Sumbawanews.com,- Kejaksaan Agung menetapkan Kamis, 18 Juni 2026, sebagai hari pemeriksaan terhadap mantan Wakil Kepala Badan Gizi Nasional (BGN), Sony Sonjaya, terkait pengajuan status justice collaborator dalam kasus dugaan korupsi program Makan Bergizi Gratis (MBG). Pemeriksaan ini menjadi langkah krusial untuk mengonfirmasi informasi yang disampaikan Sony mengenai keterlibatan pihak-pihak lain dalam jaringan korupsi yang melibatkan anggaran miliaran rupiah.
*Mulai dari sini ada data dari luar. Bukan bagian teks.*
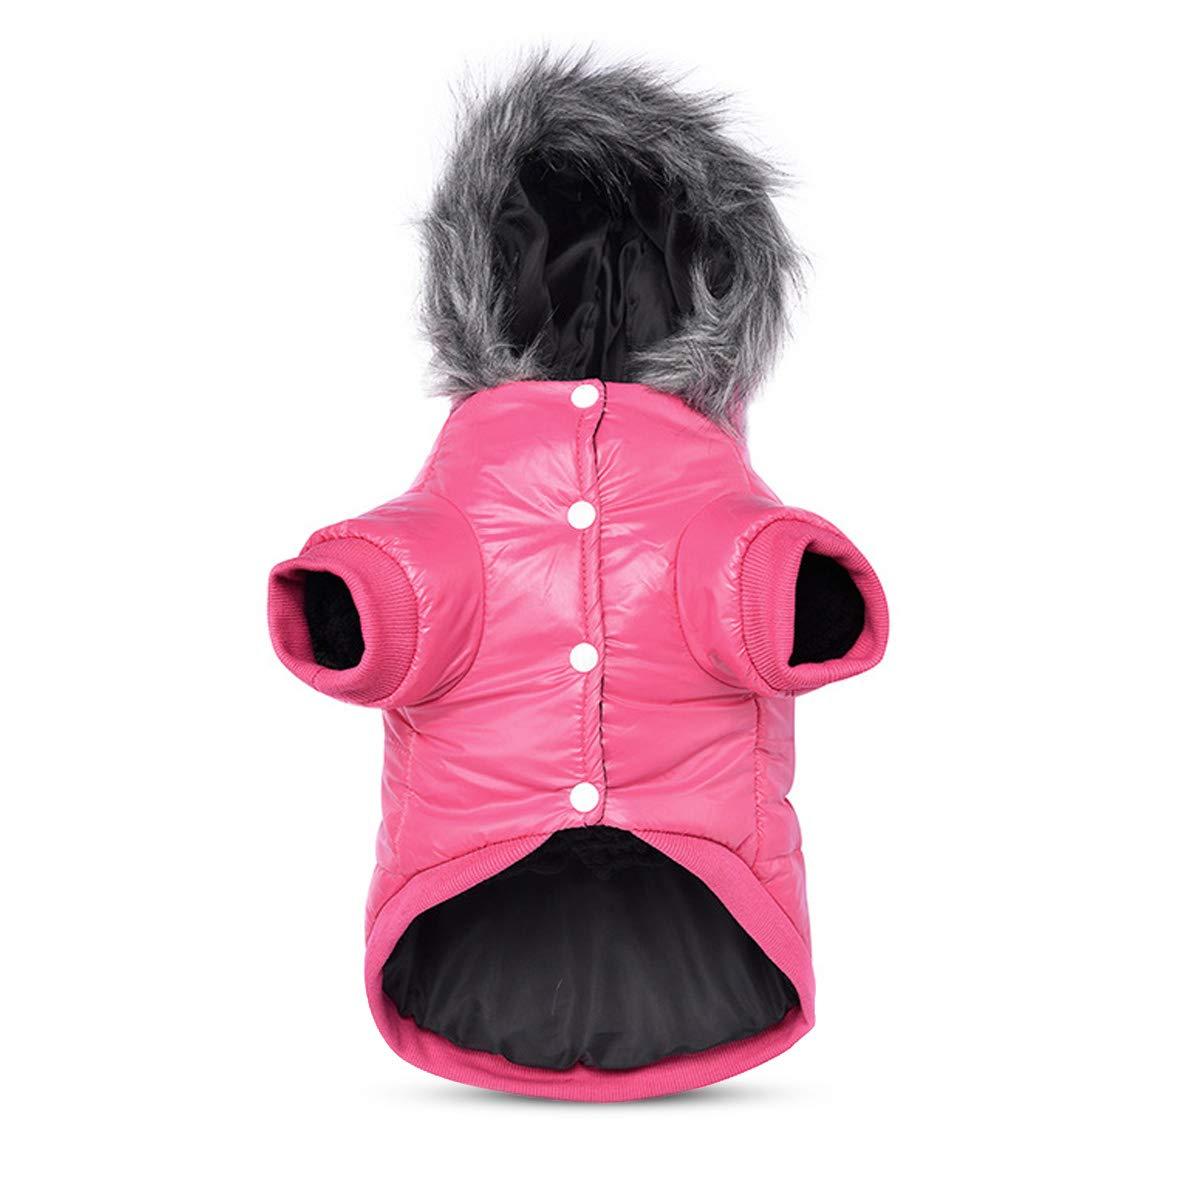 PETCUTE Cappotto invernale per cani, abbigliamento invernale per cani, giacca in felpa calda per cane, antivento e impermeabile, tuta invernale per cani

Kuasa hukum Sony, Krisna Murti, mengonfirmasi jadwal tersebut, meski belum mendapat kepastian lokasi pemeriksaan—apakah di ruang penyidik atau di rumah tahanan. “Penyidik belum memberi detail, tapi kami siap mendampingi klien sesuai prosedur hukum,” ujar Krisna, Selasa (16/6).
Pengajuan JC oleh Sony dilakukan pada 8 Juni lalu melalui Pelayanan Terpadu Satu Pintu (PTSP) Kejagung. Dalam surat permohonannya, Sony menyatakan kesediaan penuh untuk bekerja sama, mengungkapkan nama-nama yang diduga terlibat—termasuk 26 orang yang disebutkan dalam dokumen internal. Menurut Krisna, langkah ini bukan upaya menghindari hukum, melainkan upaya transparan untuk membongkar struktur korupsi yang lebih besar.
“Kami tidak ingin melindungi siapa pun. Kami ingin keadilan menyentuh mereka yang memang punya peran strategis dalam penggelapan program unggulan presiden ini,” tegas Krisna.
Direktur Penyidikan Jampidsus Kejagung, Syarief Sulaeman Nahdi, sebelumnya mengatakan bahwa penyidik sedang mempelajari secara mendalam seluruh data yang disampaikan Sony. “Pemeriksaan ini diperlukan untuk memverifikasi kredibilitas informasi dan menentukan sejauh mana kerja sama itu bisa menjadi dasar pengembangan kasus,” ujar Syarief saat konferensi pers pada 12 Juni lalu.
Sony, yang kini ditahan, menjadi tersangka ketiga dalam kasus MBG setelah sebelumnya dua pejabat BGN lainnya ditetapkan sebagai tersangka. Kasus ini mencuat setelah ditemukan penyimpangan dalam pengadaan motor listrik untuk program distribusi makanan bergizi di daerah terpencil. Ribuan unit motor listrik diduga tidak sesuai spesifikasi, bahkan sebagian besar tidak pernah diedarkan.
Dengan status justice collaborator, Sony berpotensi mendapatkan pengurangan hukuman jika informasi yang diberikan terbukti akurat dan membantu penyidik menjerat pelaku utama. Namun, keputusan akhir tetap berada di tangan Jaksa Agung, yang akan menilai sejauh mana kontribusi Sony terhadap pengungkapan kasus.
Kuasa hukumnya menegaskan, pihaknya telah menyerahkan seluruh dokumen pendukung dari dalam rutan, termasuk pernyataan tertulis yang ditandatangani Sony. Saat ini, mereka menunggu jadwal kunjungan resmi untuk memastikan proses hukum berjalan transparan dan sesuai prosedur.
Pengajuan JC ini menjadi sinyal kuat bahwa jaringan korupsi di lingkup program pemerintah mulai terbongkar dari dalam. Jika diterima, langkah Sony bisa menjadi pintu masuk bagi penyidik untuk menelusuri jaringan yang lebih luas—termasuk kemungkinan keterlibatan pihak swasta, birokrat tingkat pusat, hingga pihak yang mengawasi program tersebut.
Kejagung sendiri belum memberikan komentar resmi mengenai kemungkinan penerimaan JC, namun sinyal dari internal penyidik menunjukkan bahwa proses ini sedang dipertimbangkan secara serius. Publik menanti, apakah langkah ini akan menjadi titik balik dalam penegakan hukum terhadap korupsi program strategis nasional.